New Poem: I dreamt last night that we both died.

I. Death

We were in Morecombe by a lighthouse when the sky looked like Starry Night Over the Rhone. Lightning bolted the sea out west and we considered how many fish died for every hit and just why it happened anyway. We thought lightning had to hit the ground, or at least have some sort of channelling conduit. But then, I guess, we said, each to the other, that water did that. Wind made leaves dance erratically. They tugged towards air from their branches and then turning a tornado began to suck at the sea. The water rose, the sun left the sky and in the distance an accordion began its jaunty wheeze. We died. There was fear followed by calm.

II. Back

Somewhere outside of time in a garden in the future I was bleeding. We hid under a slate roof. Towards St Paul’s Cathedral artillery guns shook the city. Massive helicopters resembled oversized wasps. You were there, keeping me sane. A man appeared dressed in old clothes, holding a pocket watch. He gave us two vials of gold liquid. He told us to go back in time and fix it. We said how do we know how to change it?
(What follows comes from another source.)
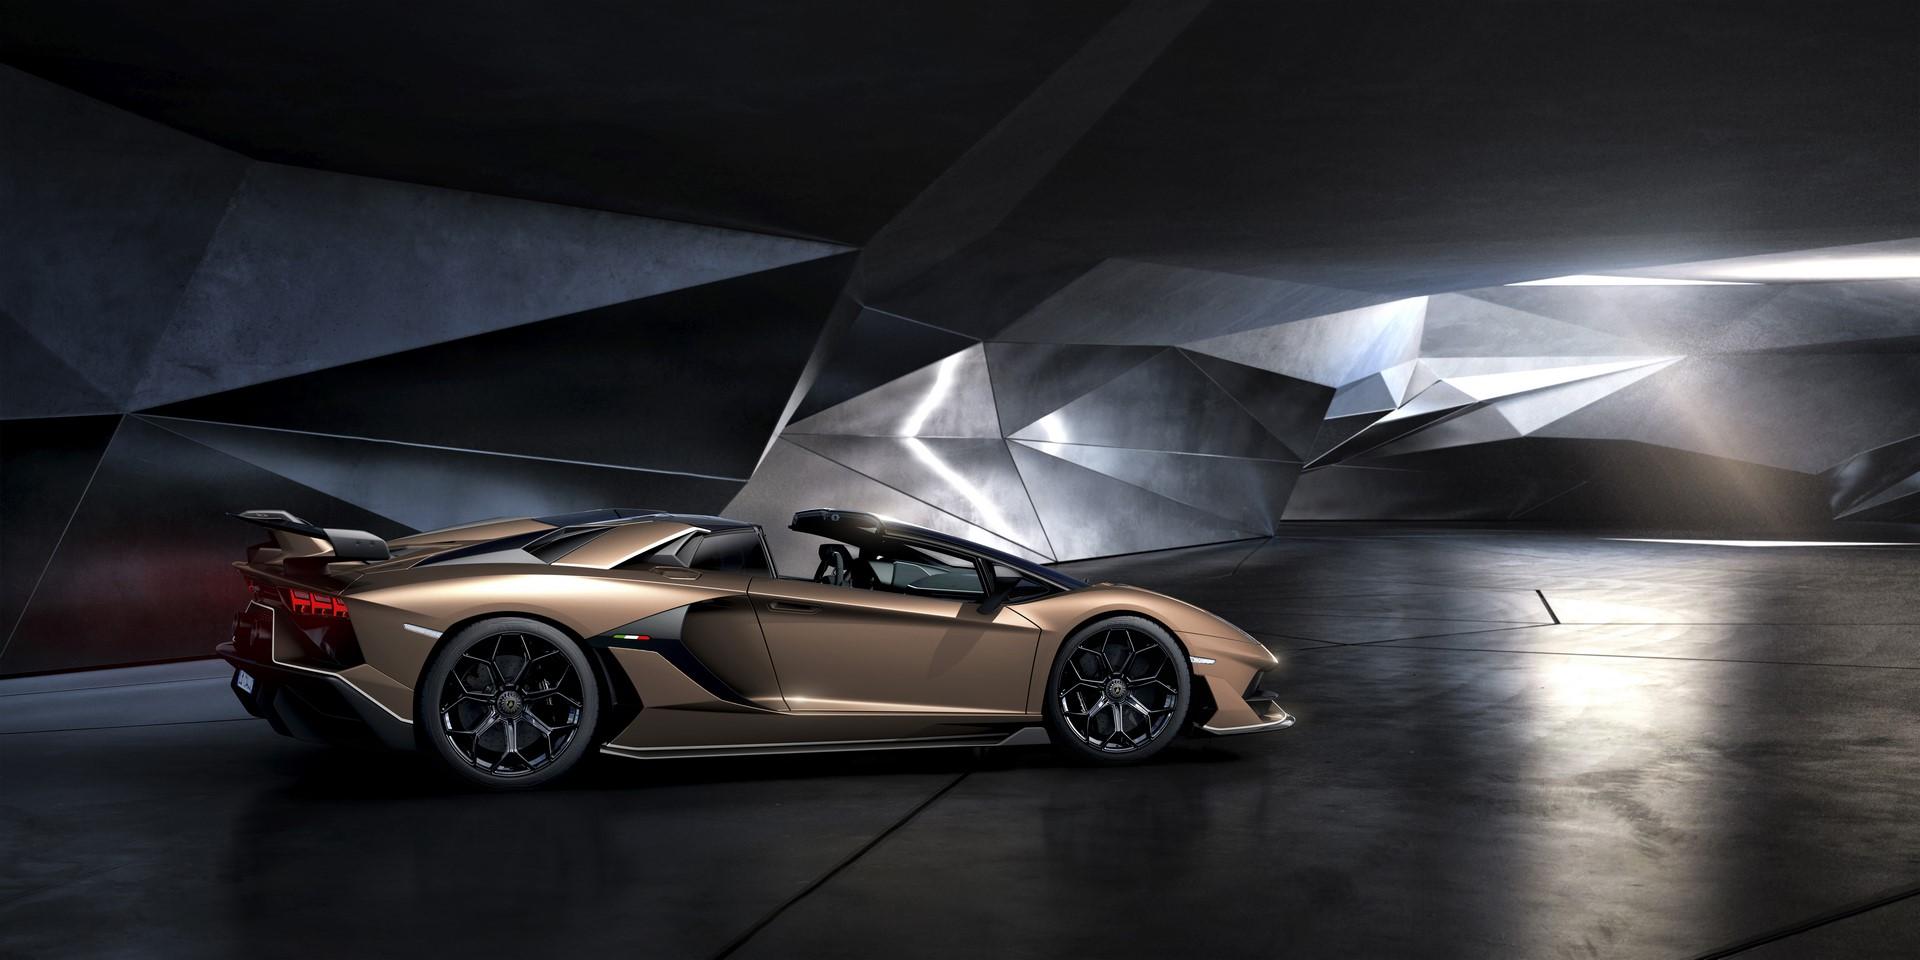 Lamborghini Aventador SVJ Roadster (11)
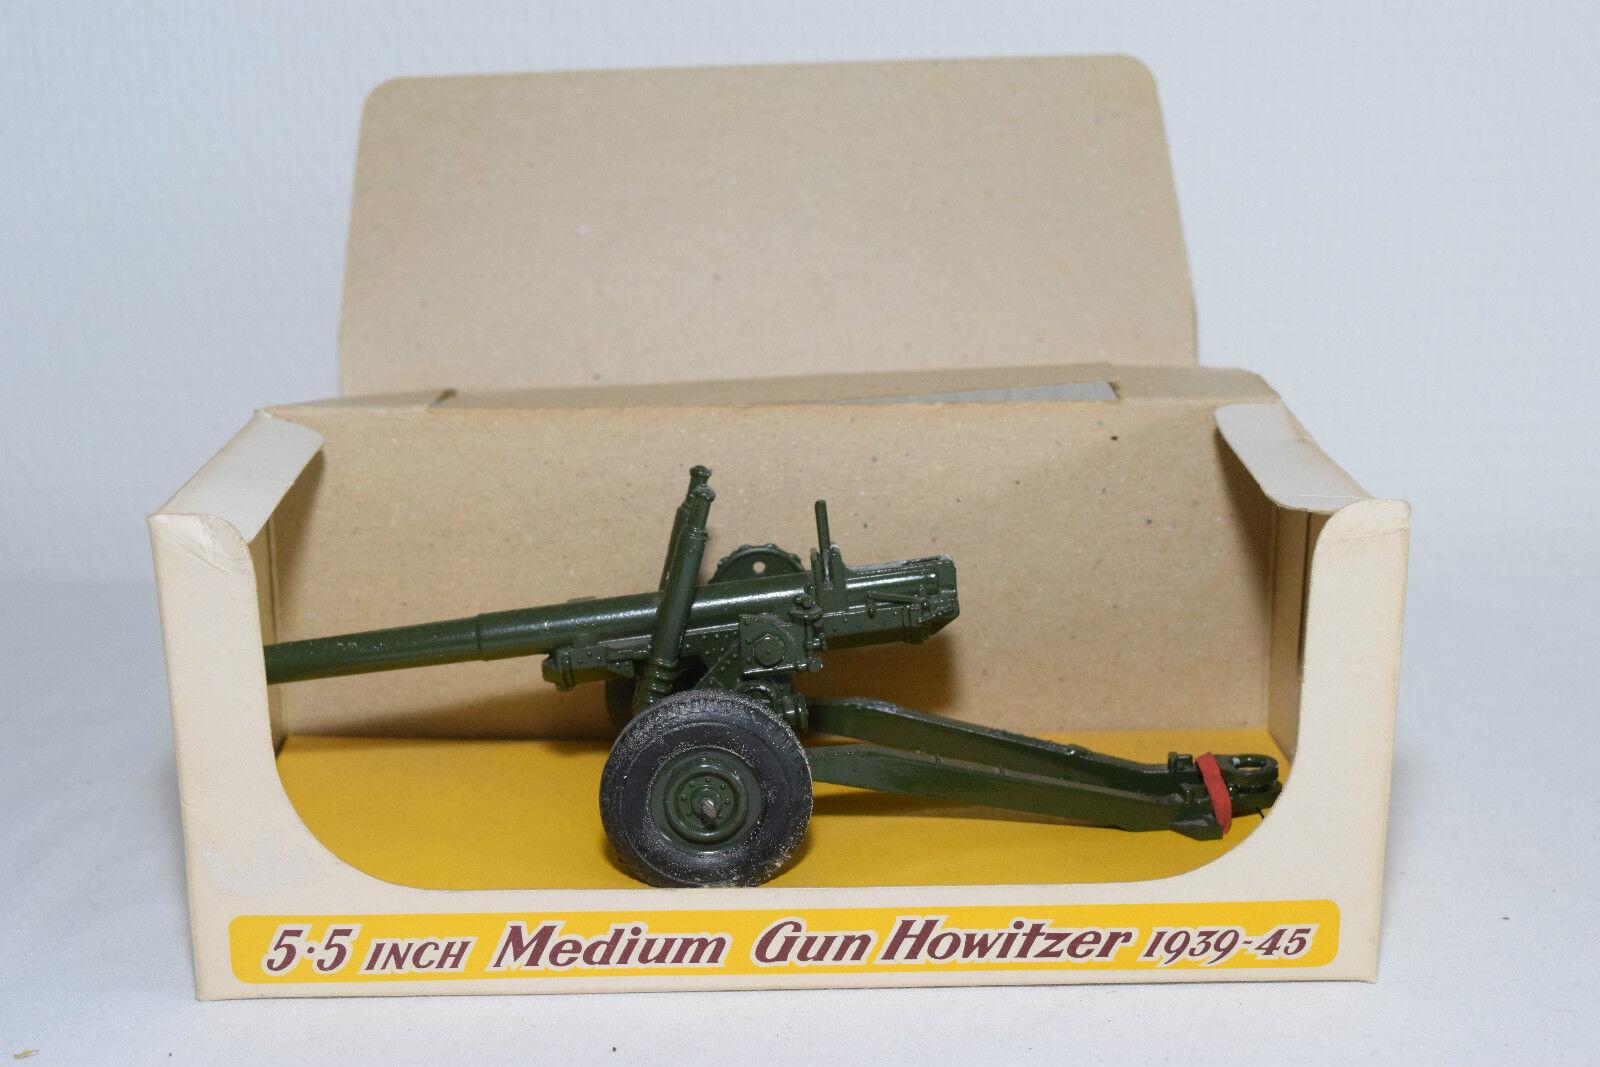 CRESCENT TOYS 1251 1251 1251 5.5 INCH MEDIUM GUN HOWITZER N MINT BOXED RARE SELTEN RARO 11f766

He said you won’t but it’s worth a go. We looked right down into the brain of each other and kissed. You tasted like burnt toast. The world shifted and we were running through an abandoned street somewhere in Manchester. There were riots and people were chucking makeshift Molotov cocktails through windows and somehow the bottles didn’t smash on contact. Instead they passed through the windows, small entrances, and made fire like opening roses. We jumped in a shell of a car with a mattress in it, like those novelty bed frames you used to get in Argos. Someone to my left, a naked boy with glasses, said that this was an orbital. A way of travelling, not through time or conventional space. Instead the world tilted around you, moved the destination to you instead of the other way round.

III. A Cat

The dream fast forwarded. I lay in bed with a ginger spotted egg on my bedside table. It cracked and there was a small ginger cat inside. I blinked and the cat had human legs and arms and a body. Then the cat had a human head and purred. Then the cat was my friend Grace and she opened her mouth with her hands and showed me her mandible-divided sets of teeth. All four of them. We went off into the jungle of the city in search of people to make friends with.

IV. Future

The final part was in the future. All Bladerunner and Fifth Element. I chased a woman dressed in latex and PVC and a fluorescent pink wig. She called me Johnny and winked at me and waved a police baton as fourteen jet planes flew overhead and the neon buildings glowed through the smog. We fucked against a window in the subway. Two men watched and afterwards they gave us money.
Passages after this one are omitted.